Exact retyping of the data: please keep every word and drop each picture.

> _Information provided_
====
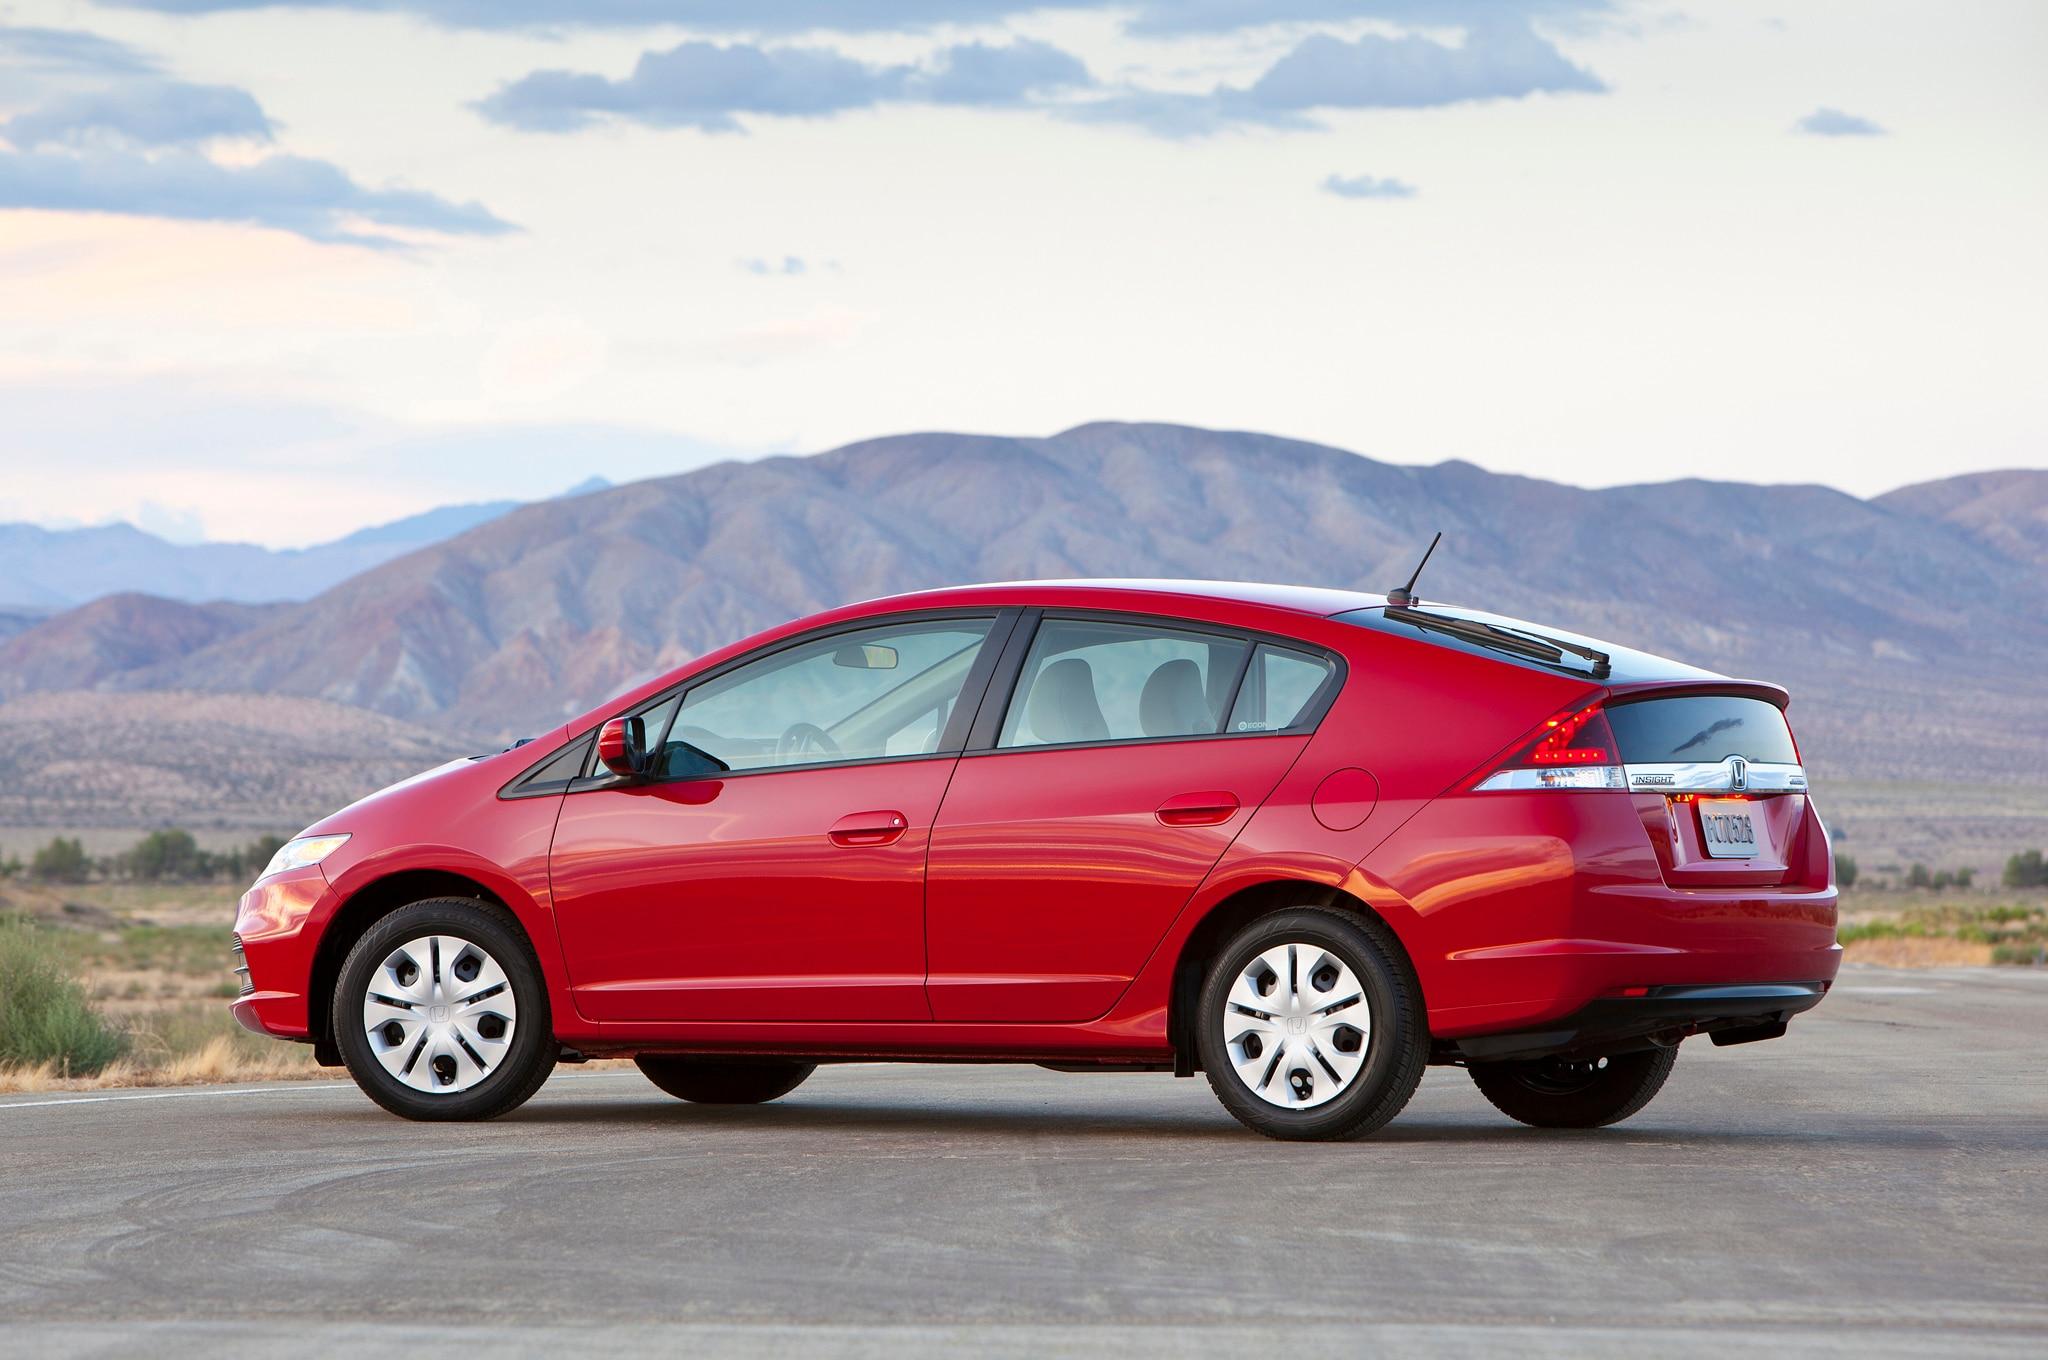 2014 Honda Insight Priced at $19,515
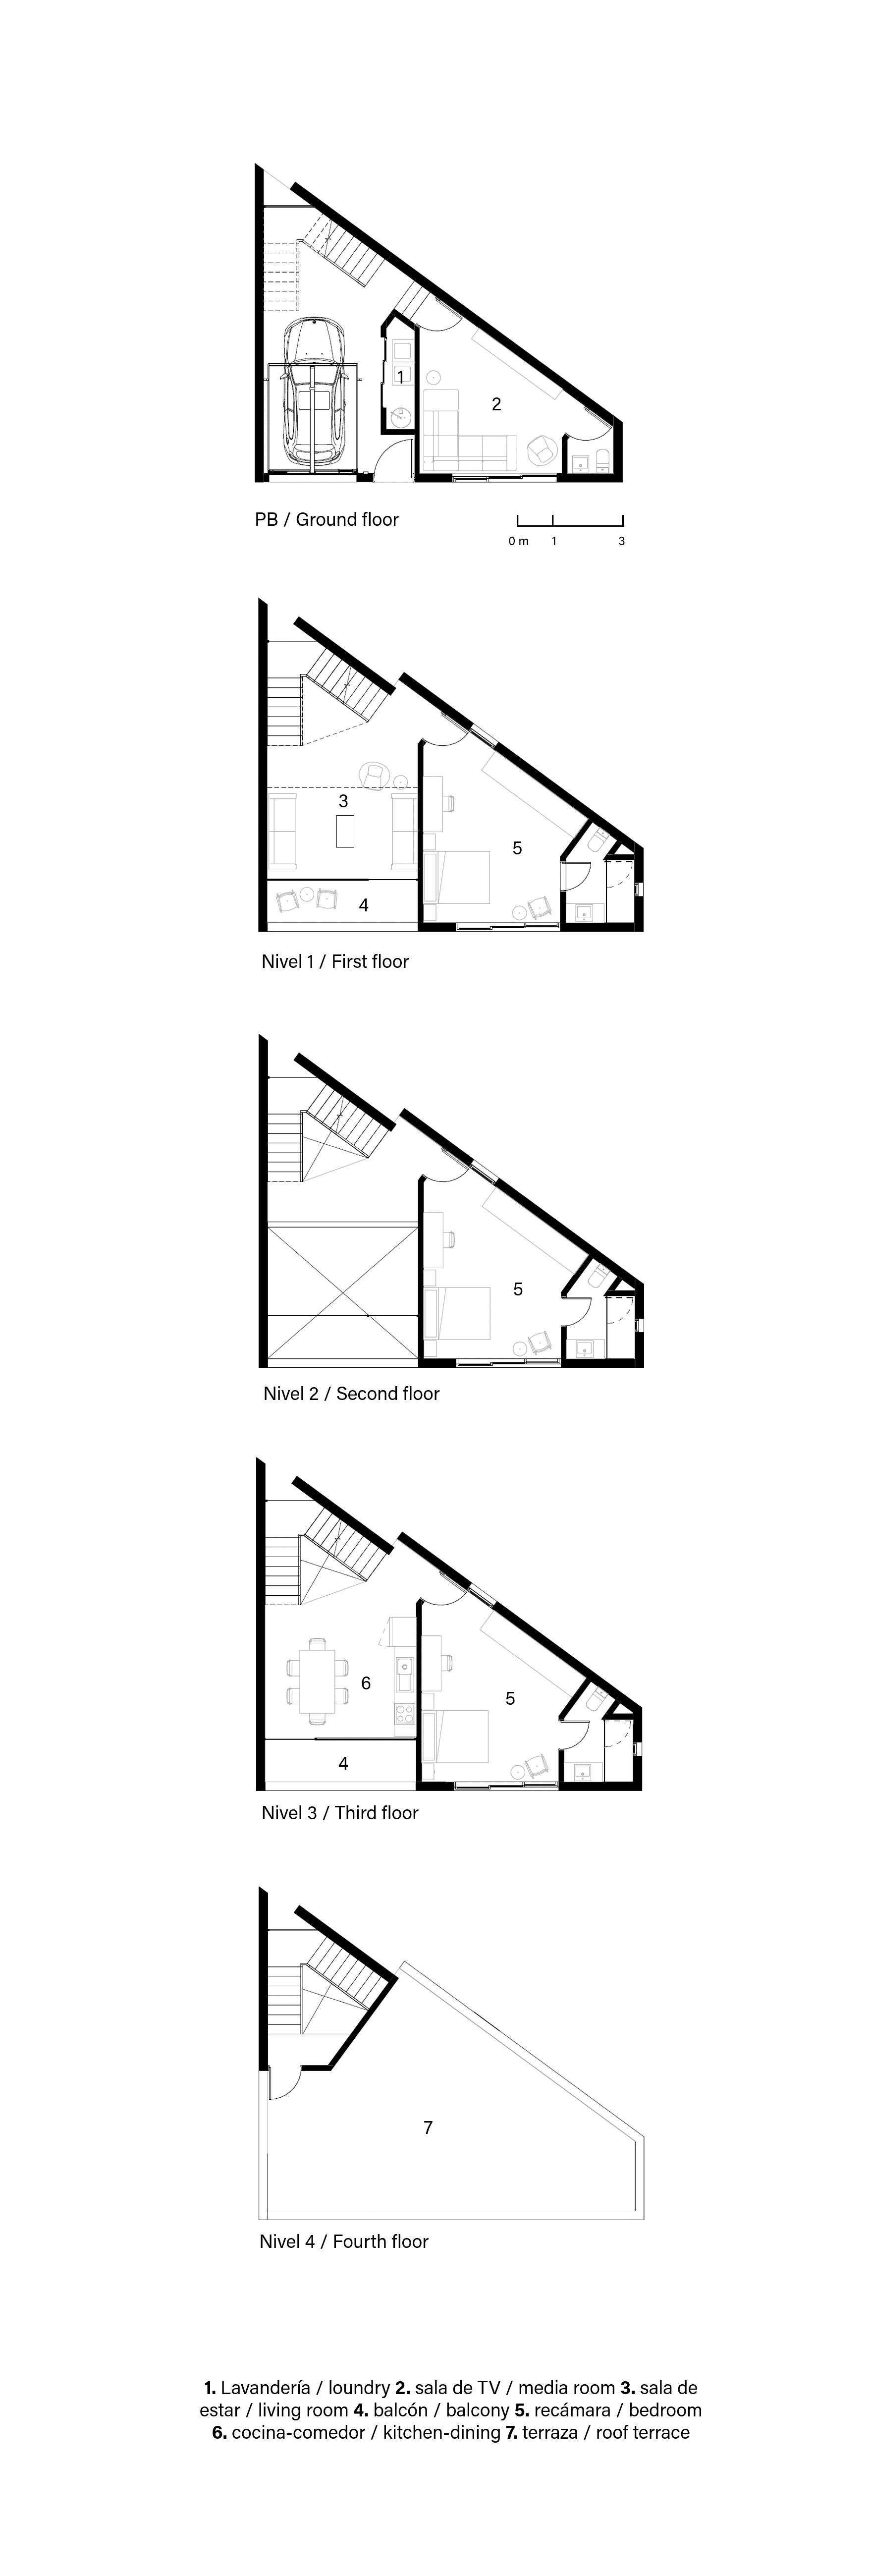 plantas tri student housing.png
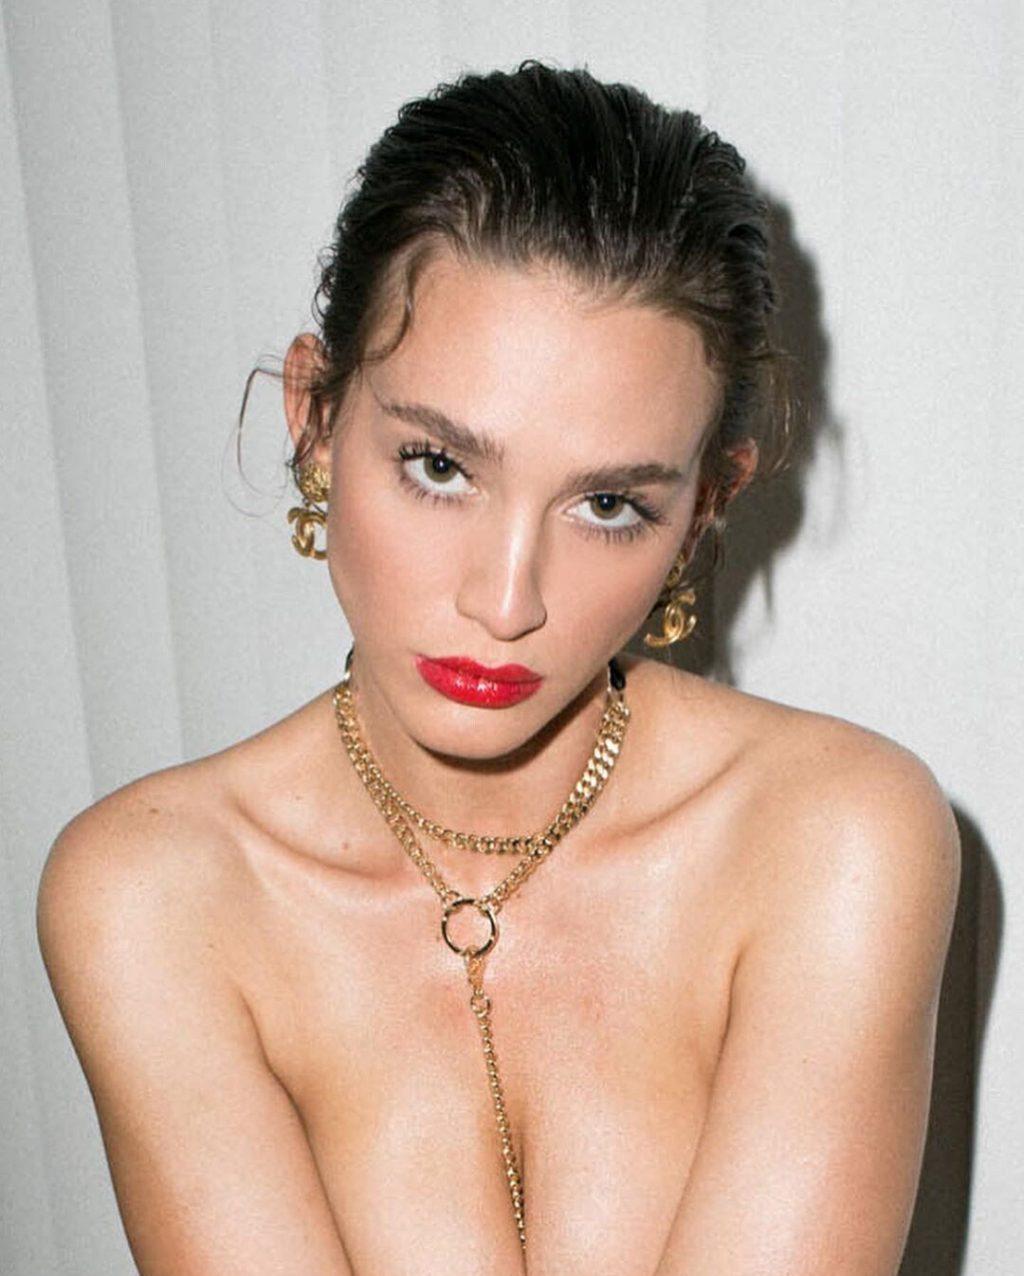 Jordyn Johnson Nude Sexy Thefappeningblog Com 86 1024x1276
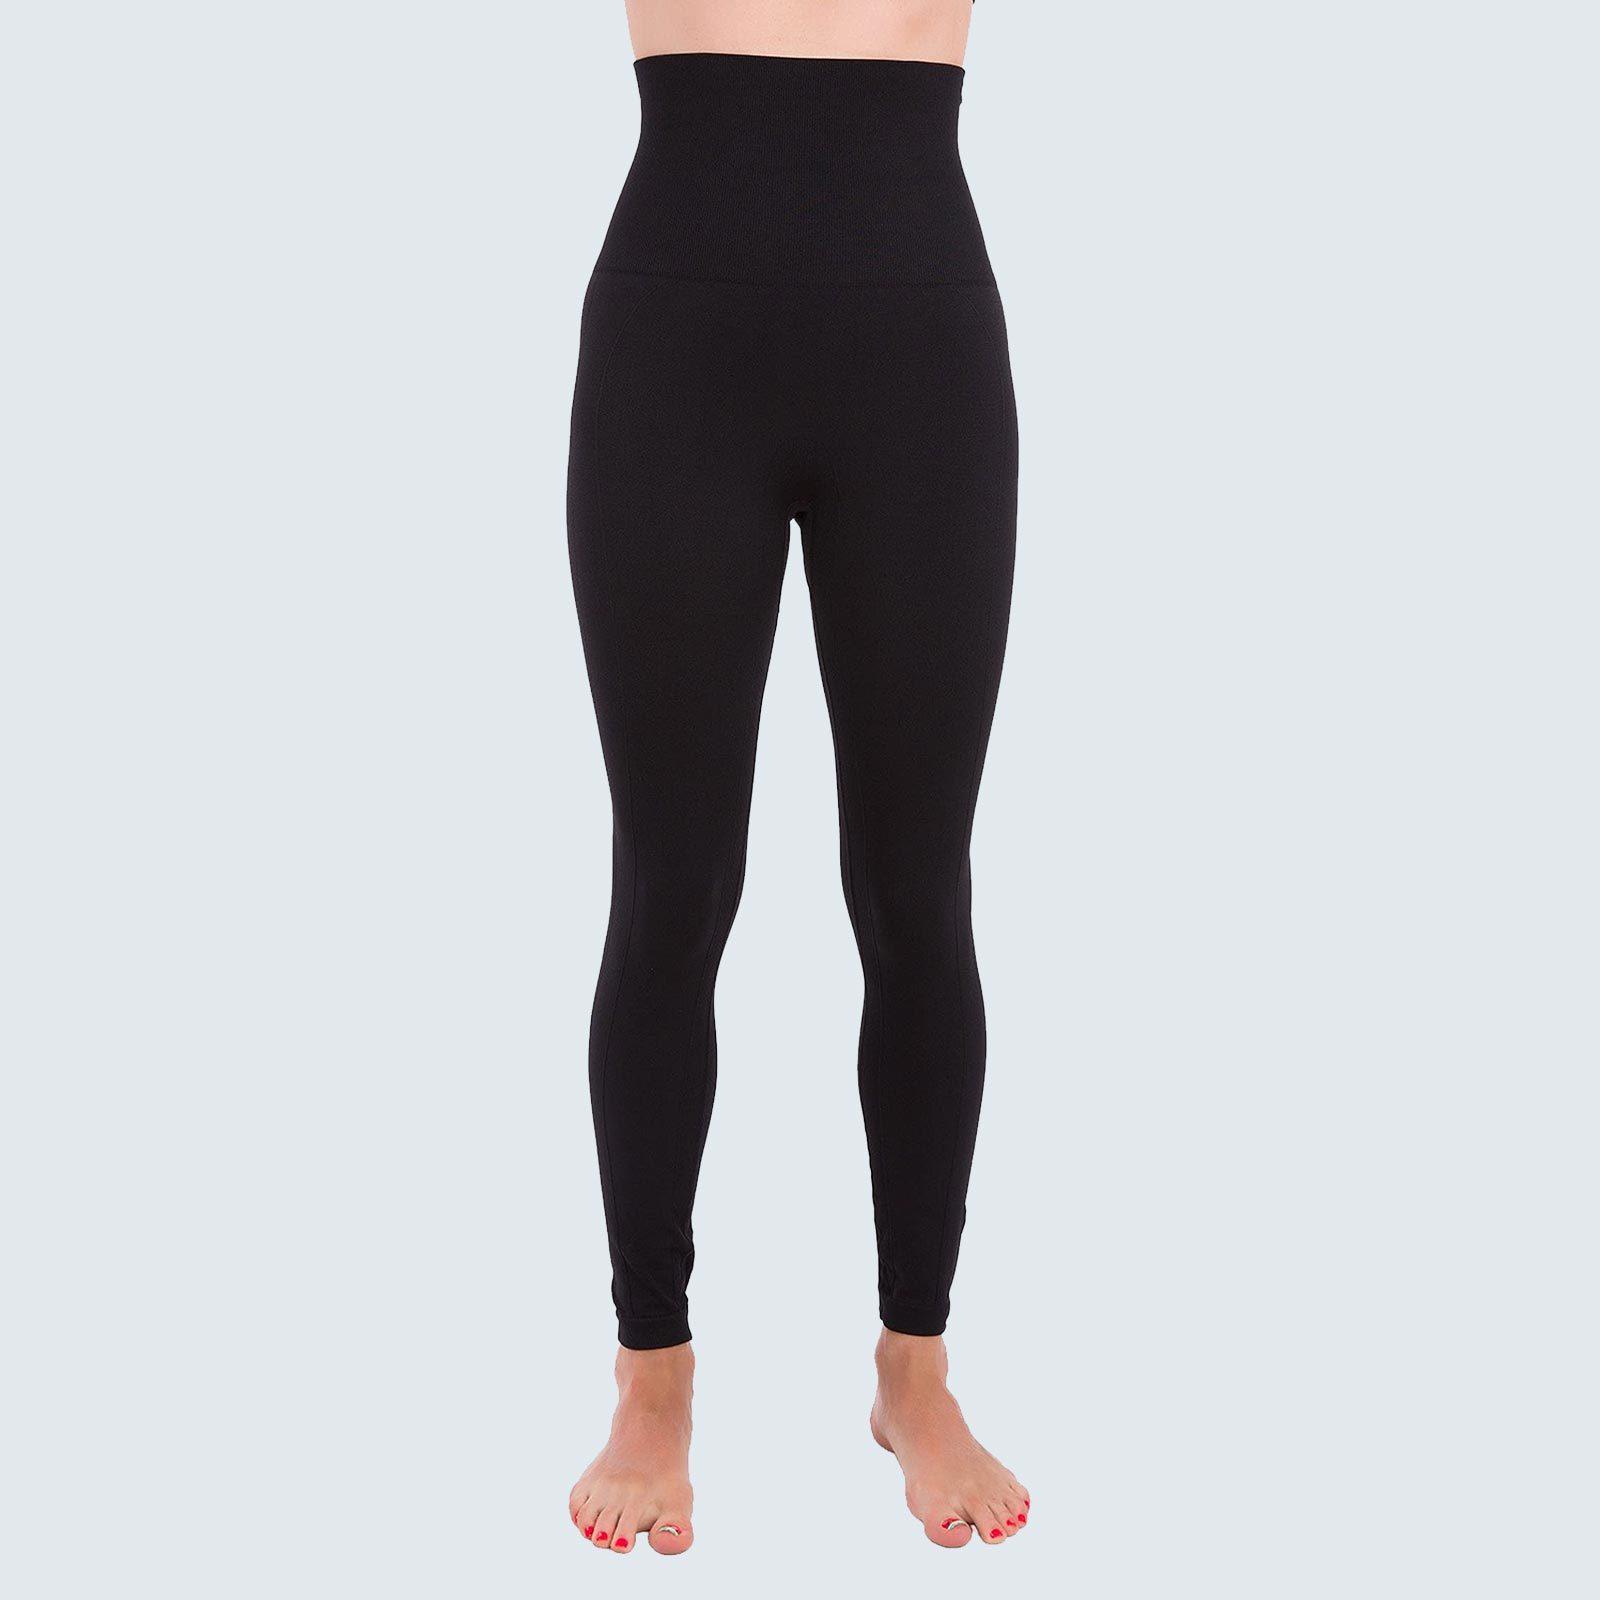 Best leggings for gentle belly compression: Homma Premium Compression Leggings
====
> _Finished task_
 2014 Honda Insight Priced at $19,515
 plantas tri student housing.png
 Jordyn Johnson Nude Sexy Thefappeningblog Com 86 1024x1276
 Best leggings for gentle belly compression: Homma Premium Compression Leggings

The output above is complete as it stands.